Dear Reader (including those of you don’t get the jokes), Andrew Yang began an answer ...

Dear Reader (including those of you don’t get the jokes),

Andrew Yang began an answer last night, “Now, I am Asian, so I know a lot of doctors…”

Personally, I liked his Asian joke from the second debate better:

“We need to do the opposite of much of what we’re doing right now, and the opposite of Donald Trump is an Asian man who likes math…”

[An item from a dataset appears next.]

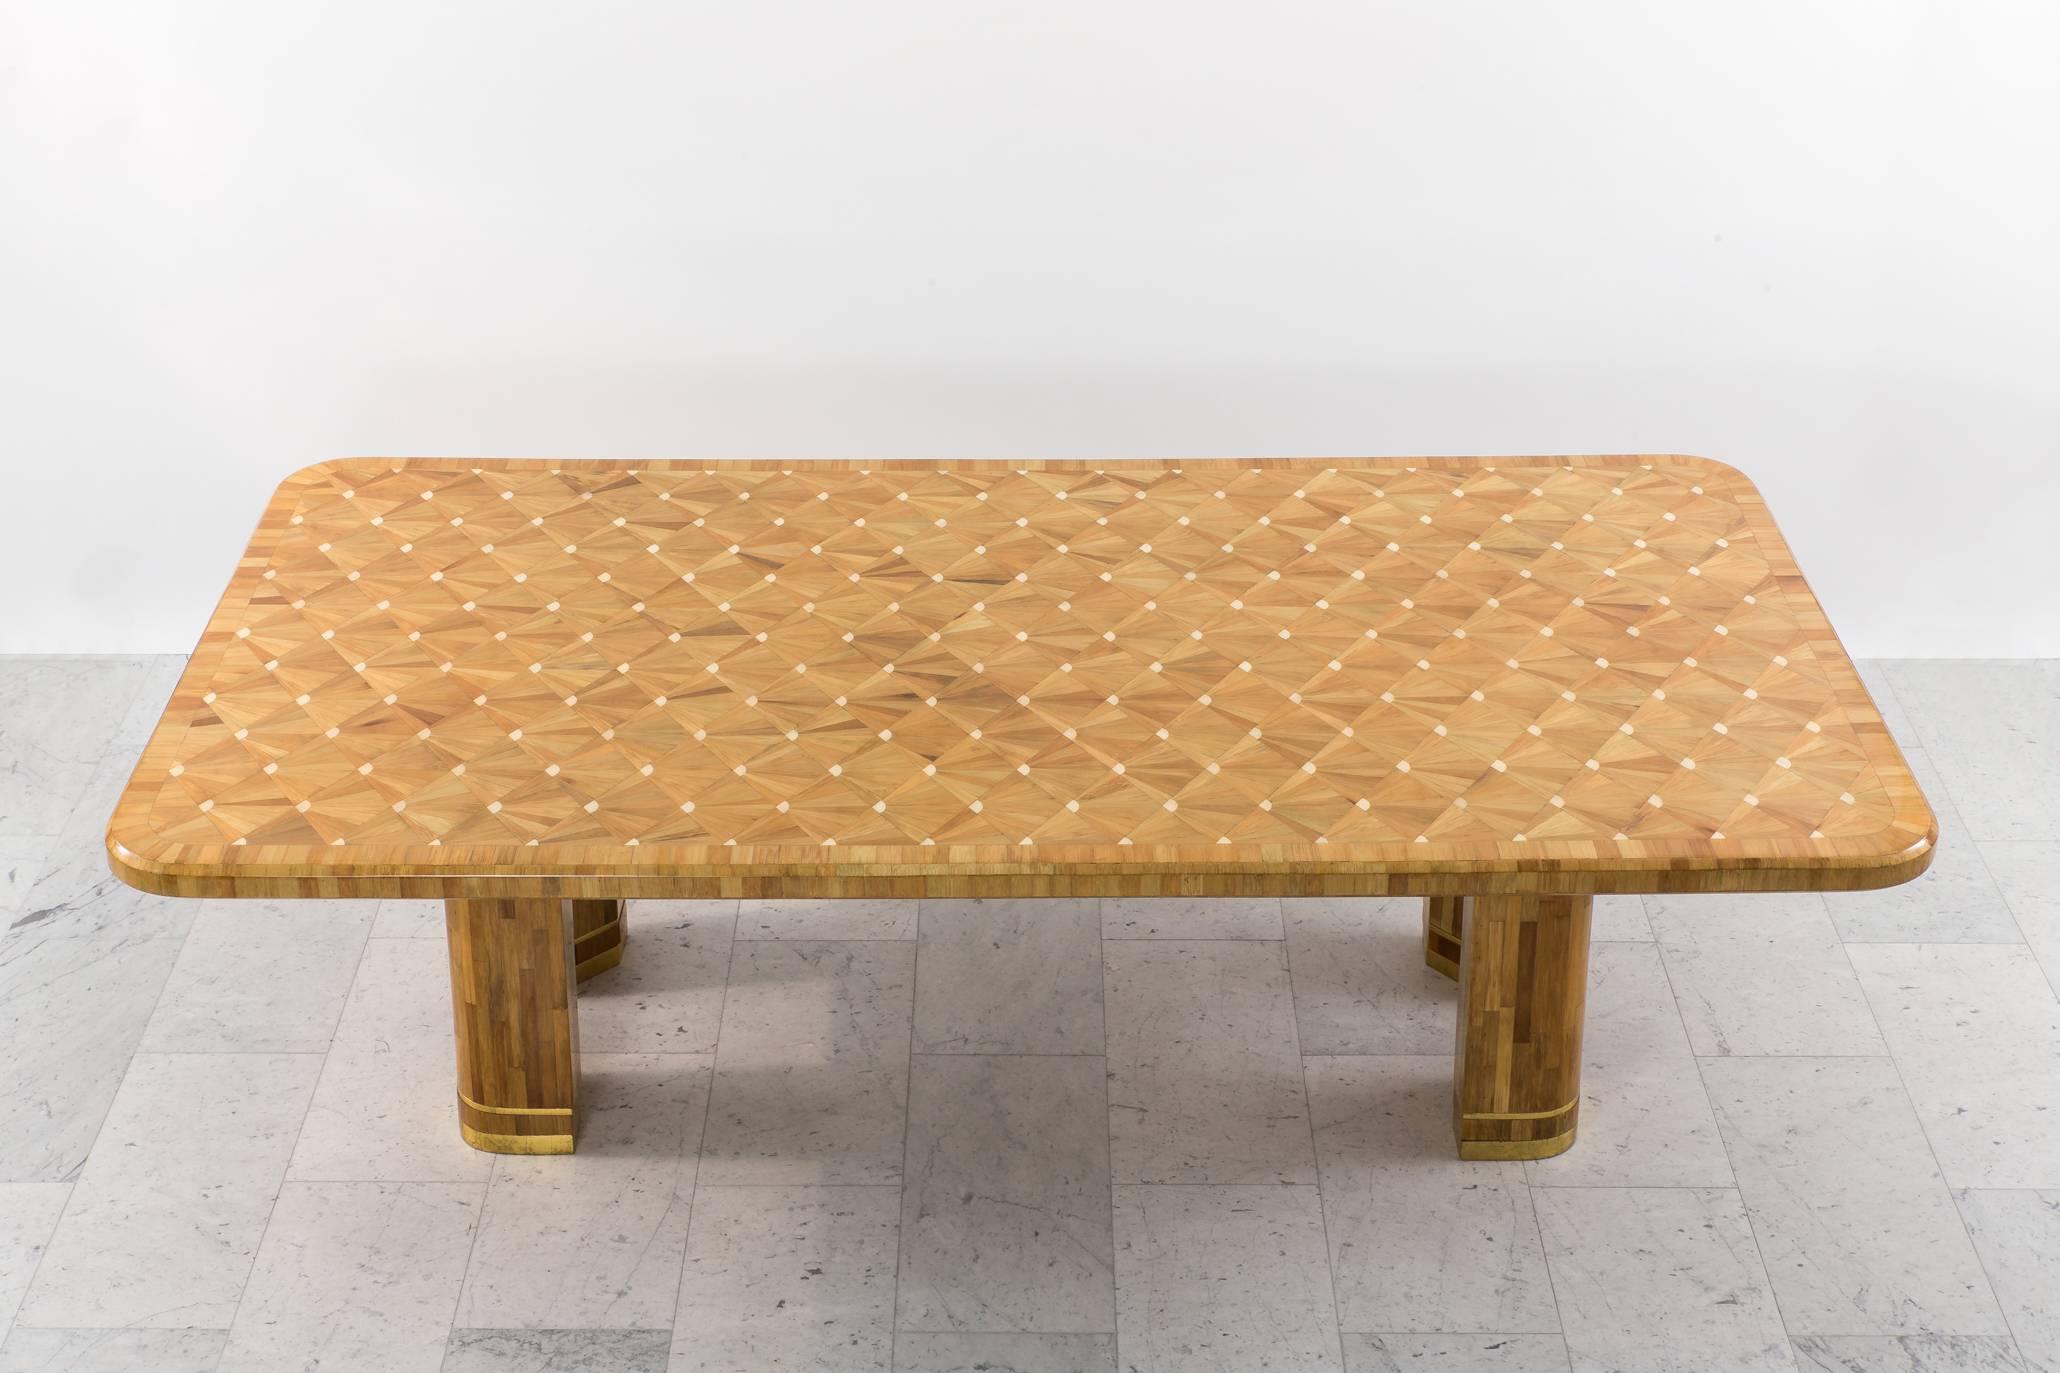 This magnificent table, executed in raffia wood marquetry, features a delicate bone inlay taking the form of fans across its lacquered surface. Standing on four uniquely shaped pentagonal plinths, the decorative border bottom is gilded in a 24-karat

I tend to come from the school of thought that the only test for whether a joke works is whether relatively normal and decent people laugh at it. I offer that caveat because the audience matters. What passes for a knee-slapper in the Aryan Nation’s corner of the prison yard is not necessarily funny at Presbyterian Old Age Home.

The funny thing about humor is that it is at war with reason, which is why when you explain a joke, you ruin it. (Exception to the rule: When Dug in Up explains, “It is funny because the squirrel gets dead.”) Reason alone should dictate that if racial stereotypes are bad for one race, they should be bad for all races. But audiences do not laugh by reason alone—or by reason at all. They intuitively get where the lines are, and often laugh precisely because they didn’t recognize the lines in the first place.

So Yang can play on stereotypes about Asians, in part because they’re positive stereotypes and in part because he’s, you know, Asian, and members of specific groups have more leeway on such things. If Biden had turned to Yang and said, “Andy, you’re Asian, you must know a lot of doctors…” some might have laughed, but not in a way that’d help Biden much.

Everybody Yang Fun Tonight

Still, as I struggled to fight the soul-leaching ennui of last night’s debate, I thought how wild it would be if everyone on the stage began an answer about healthcare (or anything else) by first invoking an ethnic stereotype.

Joe Biden: “Now, I’m Irish so I know a lot of people with cirrhosis.” Or, “Now, I’m Irish, so I know a lot of people who end up in the E.R. on St. Patrick’s Day.”

Bernie Sanders: “Now, I’m Jewish, so I know only suckers pay retail.”

Kamala Harris: “Now, I’m Asian and African-American, so I know lots of doctors too, but I also know the patients those Asians overcharge.”

Elizabeth Warren: “Now, I’m, uh…Can I take a pass on this one?”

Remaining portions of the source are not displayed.